====== AVAILABLE DATA ======

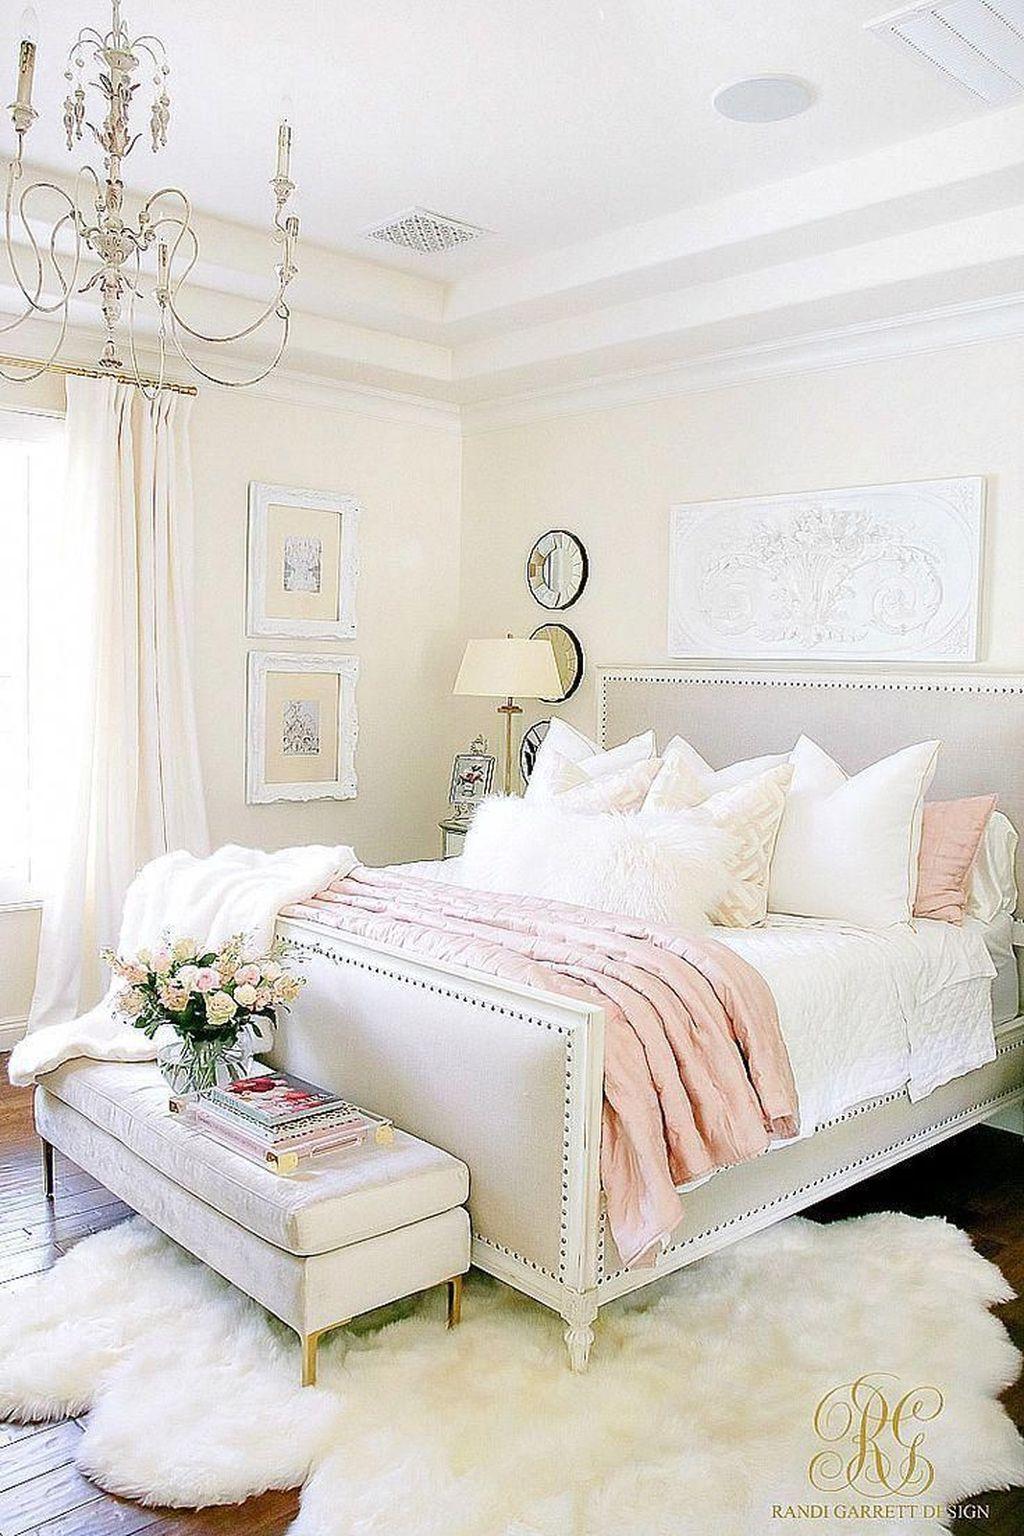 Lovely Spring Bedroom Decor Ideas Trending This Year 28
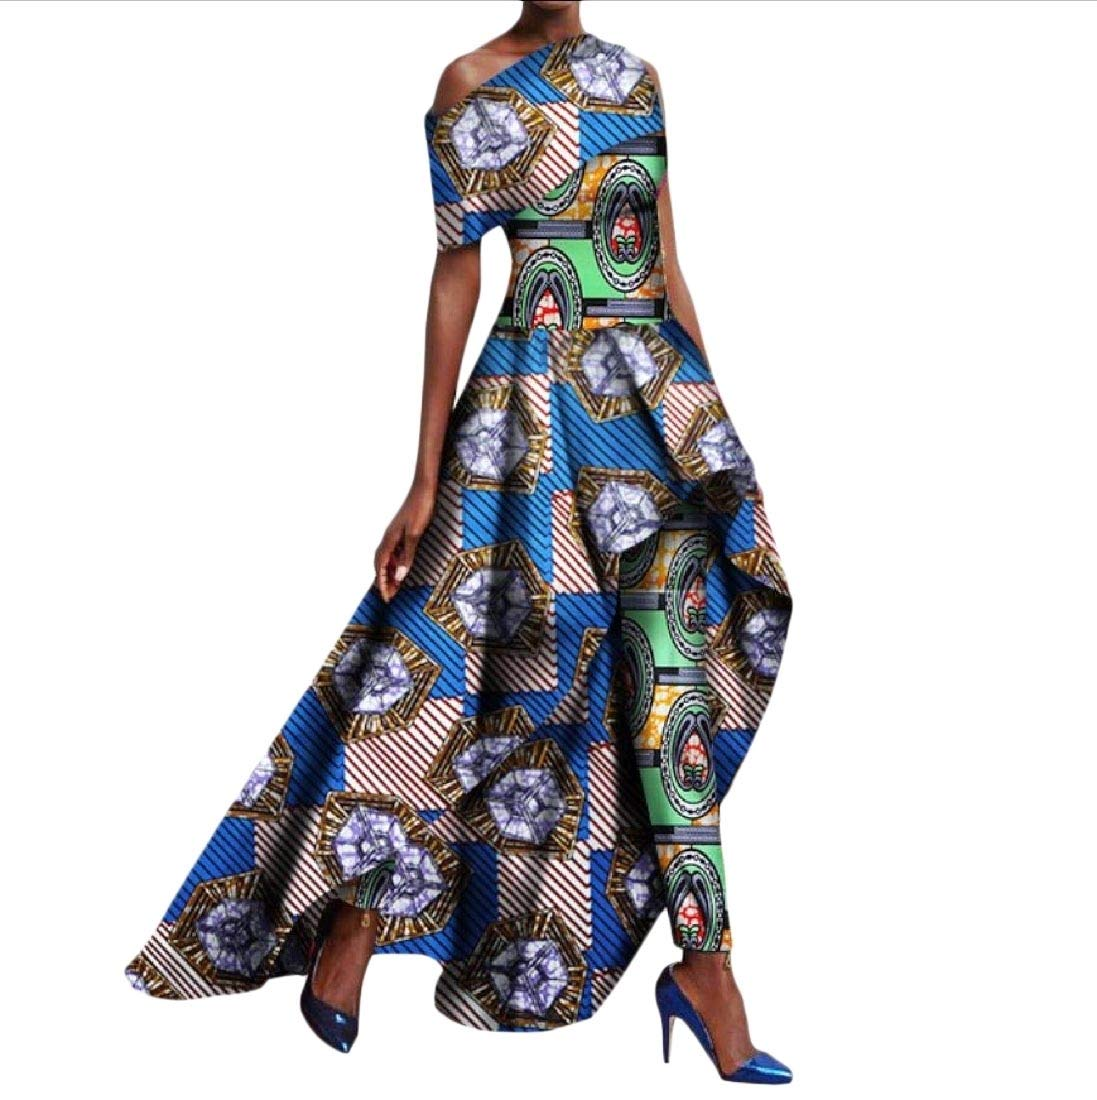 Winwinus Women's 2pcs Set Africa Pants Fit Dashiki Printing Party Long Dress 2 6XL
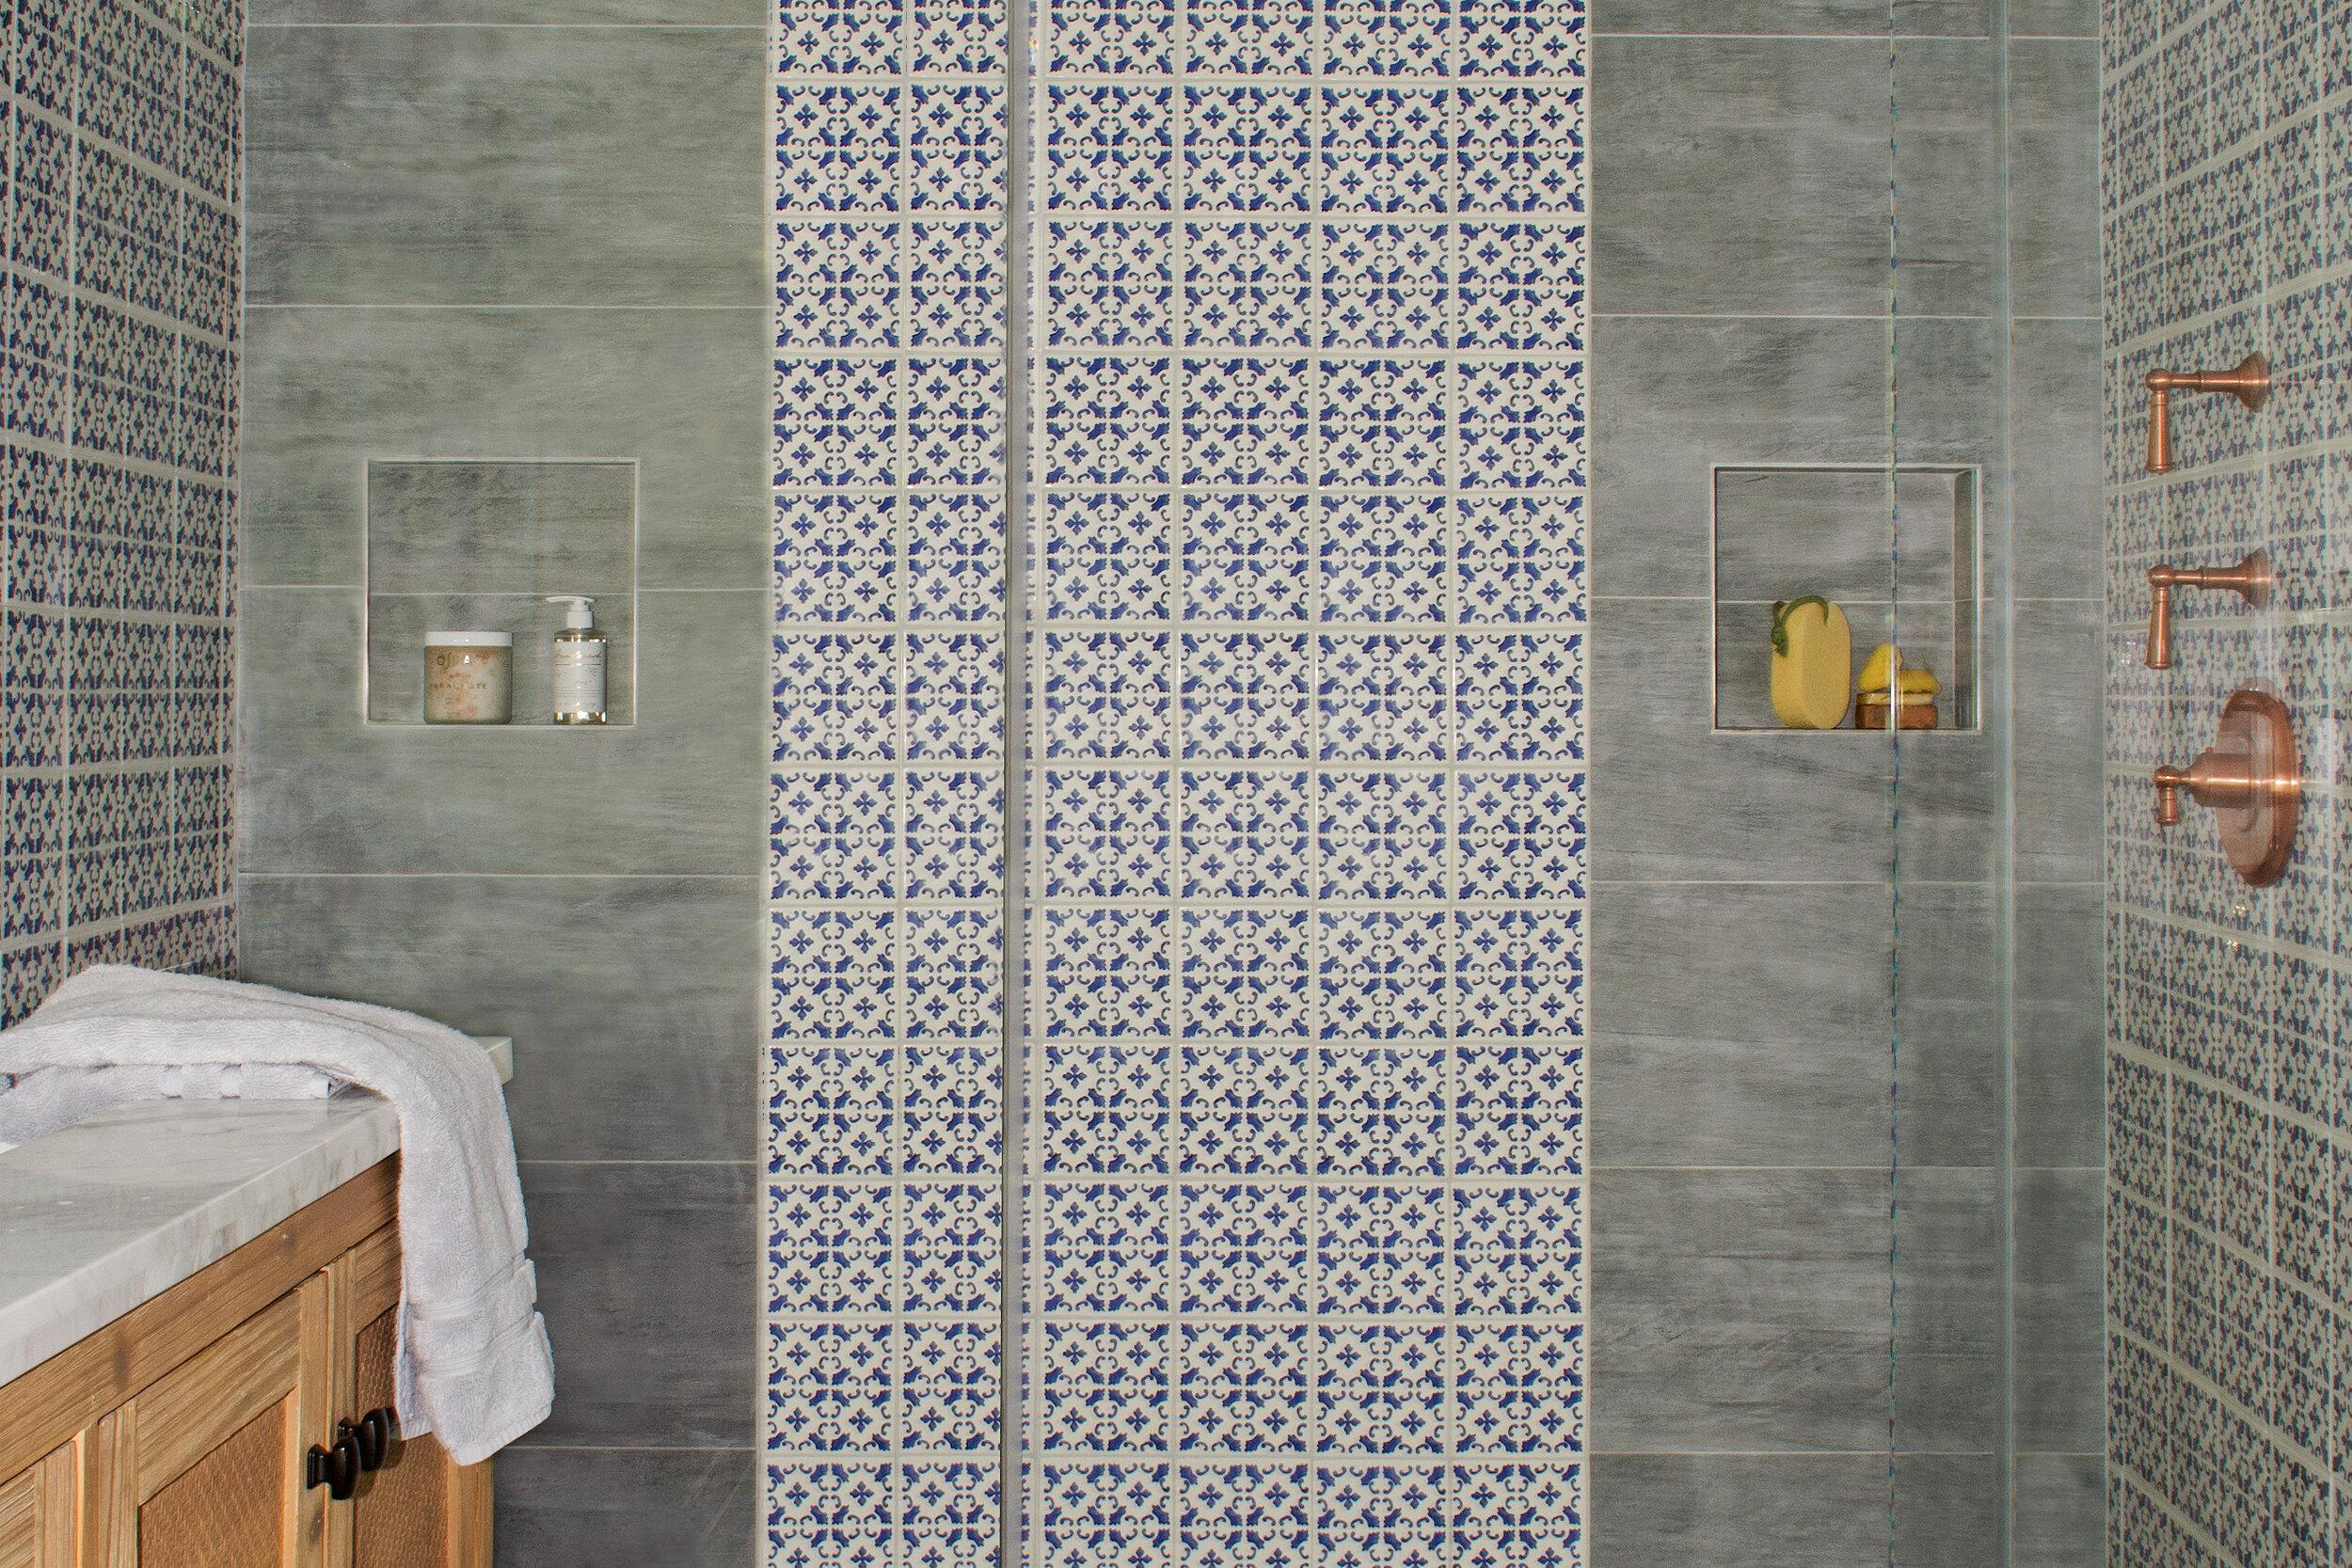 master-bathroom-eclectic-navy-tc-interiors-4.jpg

======

#### WHAT TO WORK ON:
Word for word, reproduce all of the data, but keep out the pictures.

#### RESPONSE FOR THIS EXERCISE:
 Lovely Spring Bedroom Decor Ideas Trending This Year 28
 Winwinus Women's 2pcs Set Africa Pants Fit Dashiki Printing Party Long Dress 2 6XL
 master-bathroom-eclectic-navy-tc-interiors-4.jpg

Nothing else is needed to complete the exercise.